Over the last five hundred years printed maps have recorded where man has been and detailed where one might go.  Published in atlases, travel books or as wall decoration, maps of all areas reflect the advances of western knowledge of new-found lands, key moments in international history, and changes in their production techniques and illustrative styles.

Jonathan Potter’s gallery, in the heart of the Georgian splendour of Bath, houses one of the world’s finest selections of original antique maps.  Printed from the time of Columbus and Magellan, rare sixteenth century woodblock maps show the earliest representations of the shape of the New World while, in contrast, nineteenth century lithographed maps reflect, in great detail, the advancement of the railways and the progress of industrialisation.   
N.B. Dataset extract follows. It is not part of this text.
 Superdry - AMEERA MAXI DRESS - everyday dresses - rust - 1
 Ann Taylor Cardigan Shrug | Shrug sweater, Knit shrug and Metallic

Between these times maps were printed, mainly from engraved copperplates, and incorporate the period known as “The Golden Age of Cartography” when Dutch mapmakers dominated the market with finely designed, detailed maps of all parts of Britain, Europe and the known world.  The seventeenth century saw the development of great trading empires while the eighteenth saw British and French Imperial ambitions, the world-defining voyages of Cook and others, all recorded in cartographic form.

In addition to the historical importance of many antique maps their most immediate appeal lies in their method of presentation.  From the earliest days maps were seen as much more than records of where places are, and maps are appreciated now for their decorative vignette and bordering illustrations, the often numerous annotated comments and their elegant flourishes and embellishments.  For many Europeans these illustrations, of native figures, foreign towns and dwellings, and indigenous animals, birds and plants, not to mention monsters and extraordinary creatures, would be the first such images of these new lands they would see.